Multi-task Image Restoration Guided By Robust DINO Features
Xin Lin, Jingtong Yue, Kelvin C. K. Chan, Lu Qi, Chao Ren, Jinshan Pan, Ming-Hsuan Yang
TL;DR
This work tackles the challenge of multi-task image restoration by leveraging degradation-agnostic semantic representations from the pre-trained DINOv2 model. It introduces DINO-IR, a framework that fuses DINOv2 features through Pixel-Semantic Fusion, adapts and merges them with a restoration backbone via DINO-R adaption and self-attention, and enforces robust guidance with a DINO perception contrastive loss. Across four degradations, DINO-IR outperforms state-of-the-art multi-task methods, especially on unseen data, while single-task performance remains competitive. The results suggest that robust features from large pre-trained vision models can significantly improve efficiency and performance in multi-task restoration, providing a practical route toward degradation-agnostic restoration systems.
Abstract
Multi-task image restoration has gained significant interest due to its inherent versatility and efficiency compared to its single-task counterpart. However, performance decline is observed with an increase in the number of tasks, primarily attributed to the restoration model's challenge in handling different tasks with distinct natures at the same time. Thus, a perspective emerged aiming to explore the degradation-insensitive semantic commonalities among different degradation tasks. In this paper, we observe that the features of DINOv2 can effectively model semantic information and are independent of degradation factors. Motivated by this observation, we propose \mbox{\textbf{DINO-IR}}, a multi-task image restoration approach leveraging robust features extracted from DINOv2 to solve multi-task image restoration simultaneously.
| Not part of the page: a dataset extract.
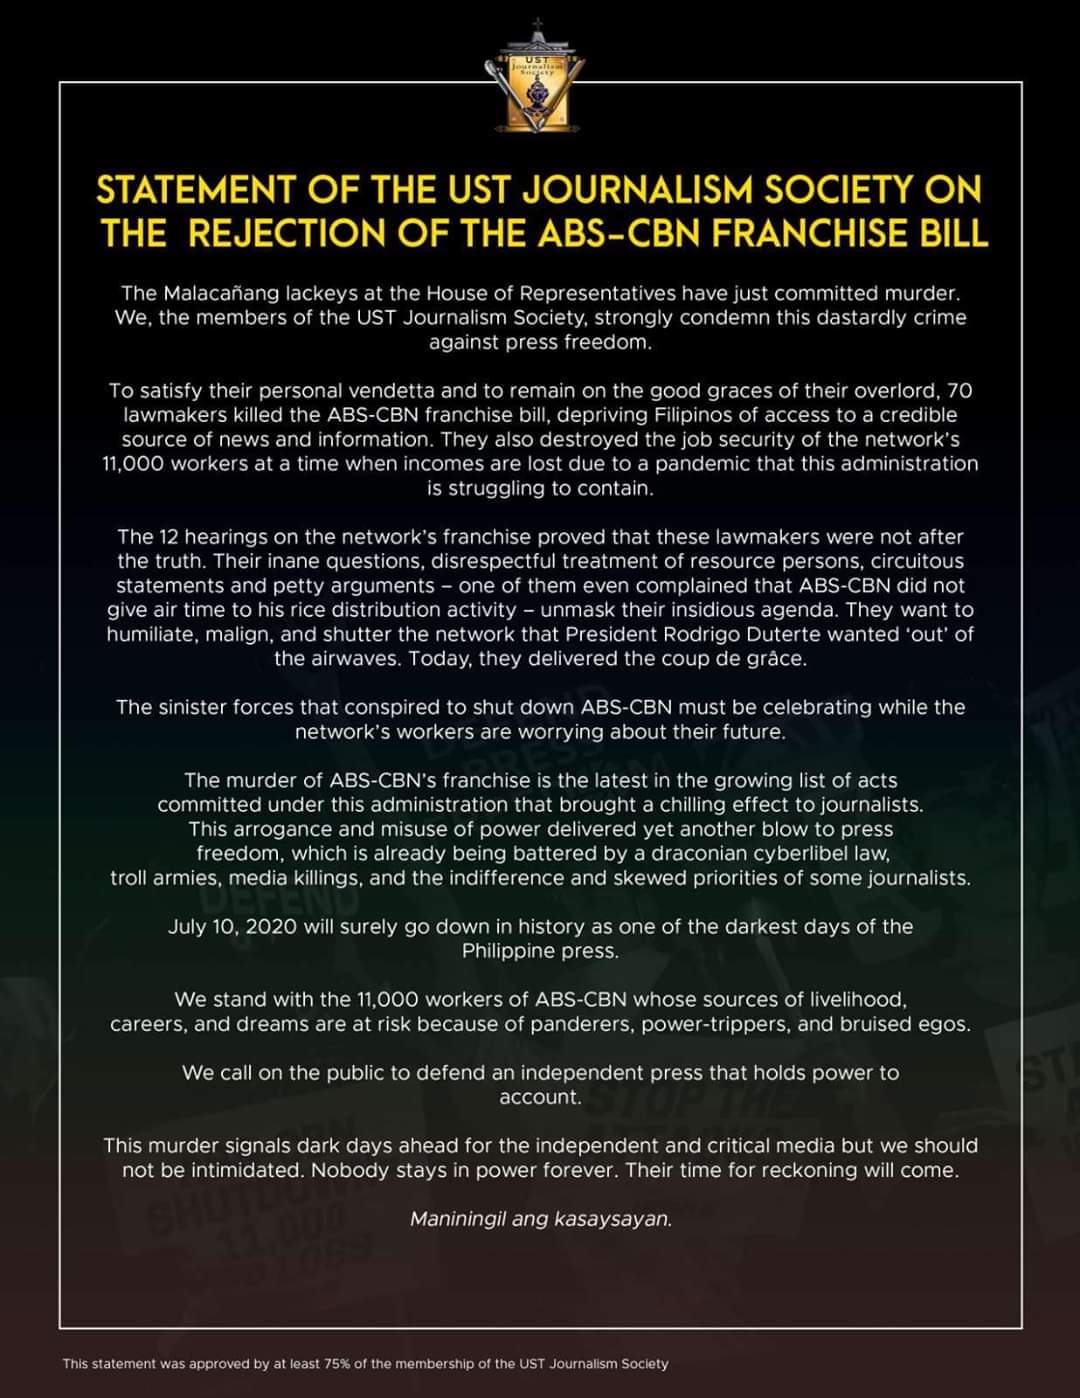 Journsoc condemns ABS-CBN franchise denial
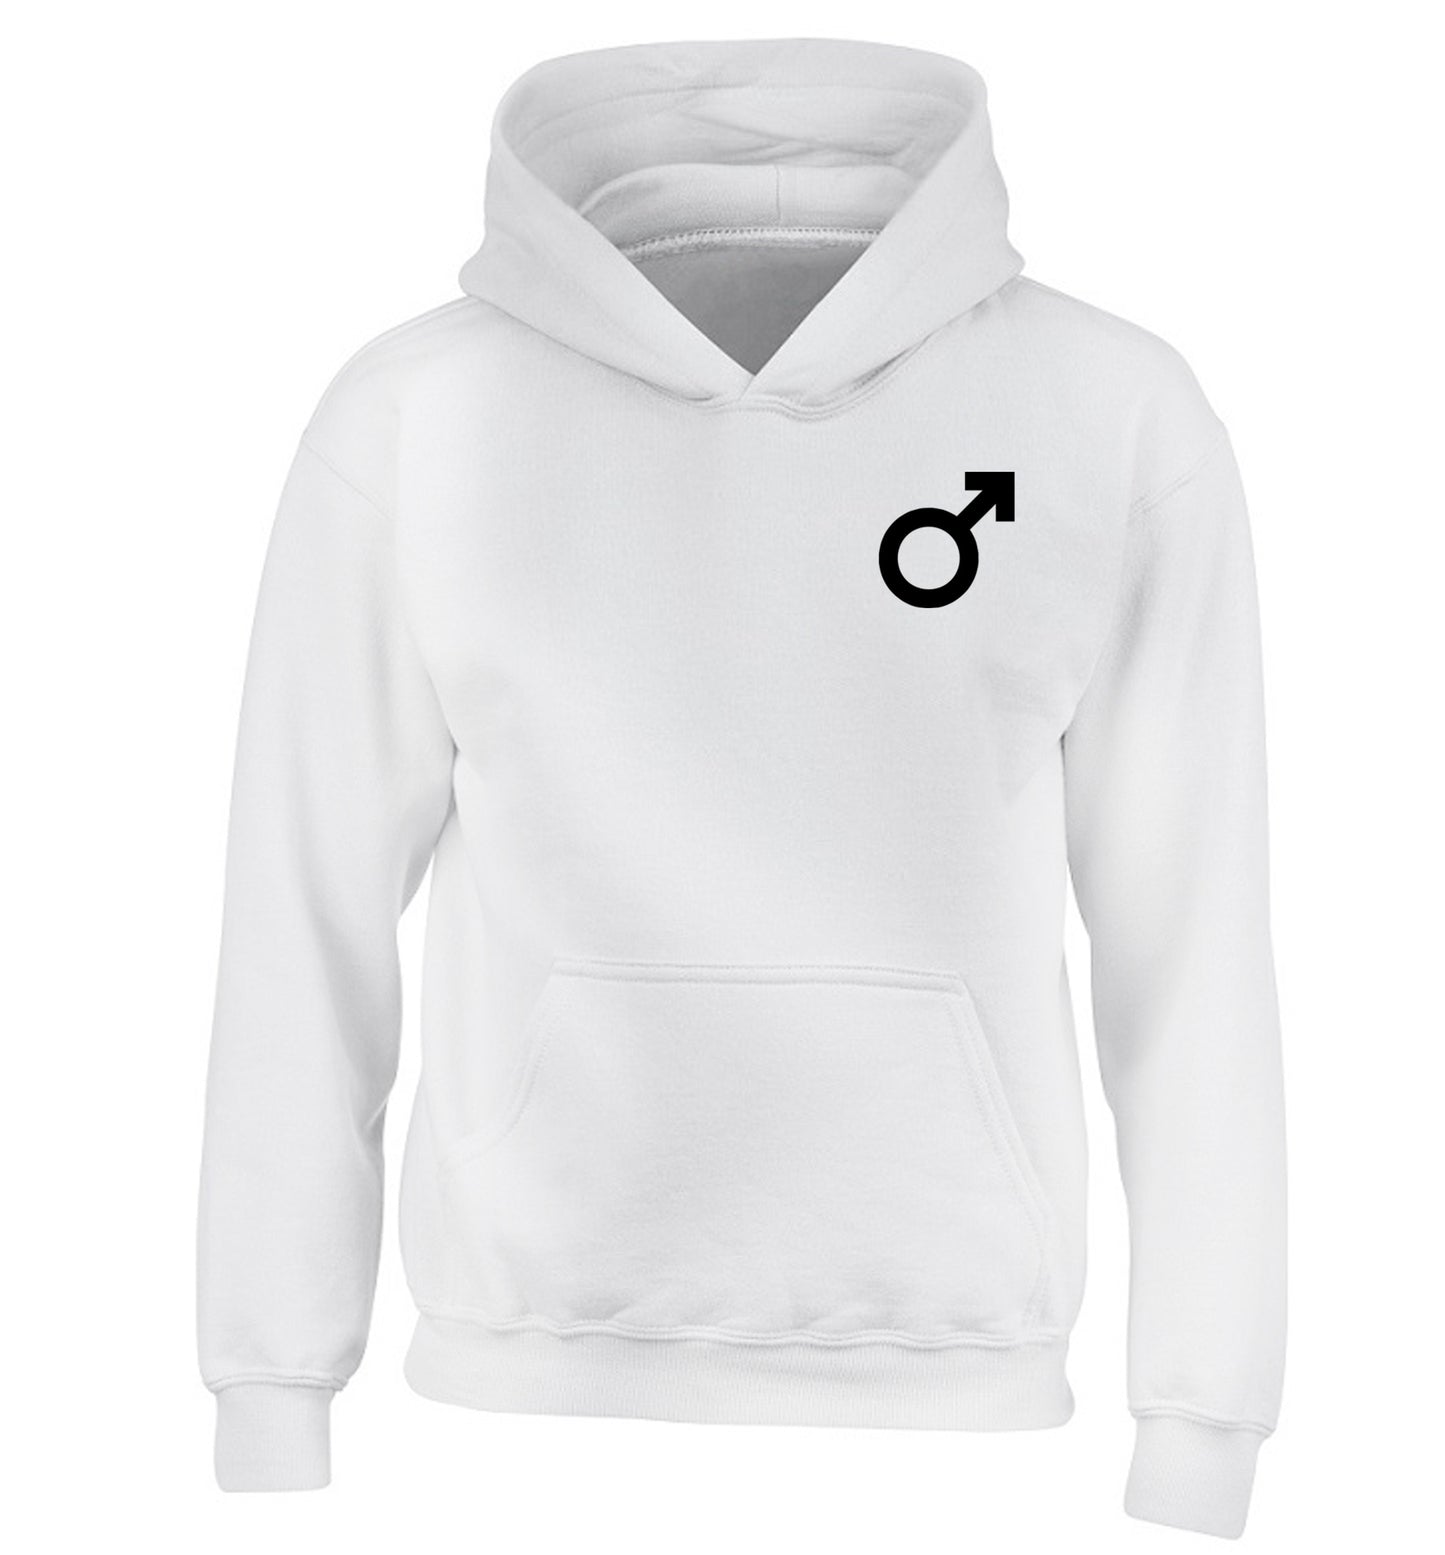 Male symbol pocket children's white hoodie 12-14 Years

We first propose a pixel-semantic fusion (PSF) module to dynamically fuse DINOV2's shallow features containing pixel-level information and deep features containing degradation-independent semantic information. To guide the restoration model with the features of DINOv2, we develop a DINO-Restore adaption and fusion module to adjust the channel of fused features from PSF and then integrate them with the features from the restoration model. By formulating these modules into a unified deep model, we propose a DINO perception contrastive loss to constrain the model training. Extensive experimental results demonstrate that our DINO-IR performs favorably against existing multi-task image restoration approaches in various tasks by a large margin. The source codes and trained models will be made available.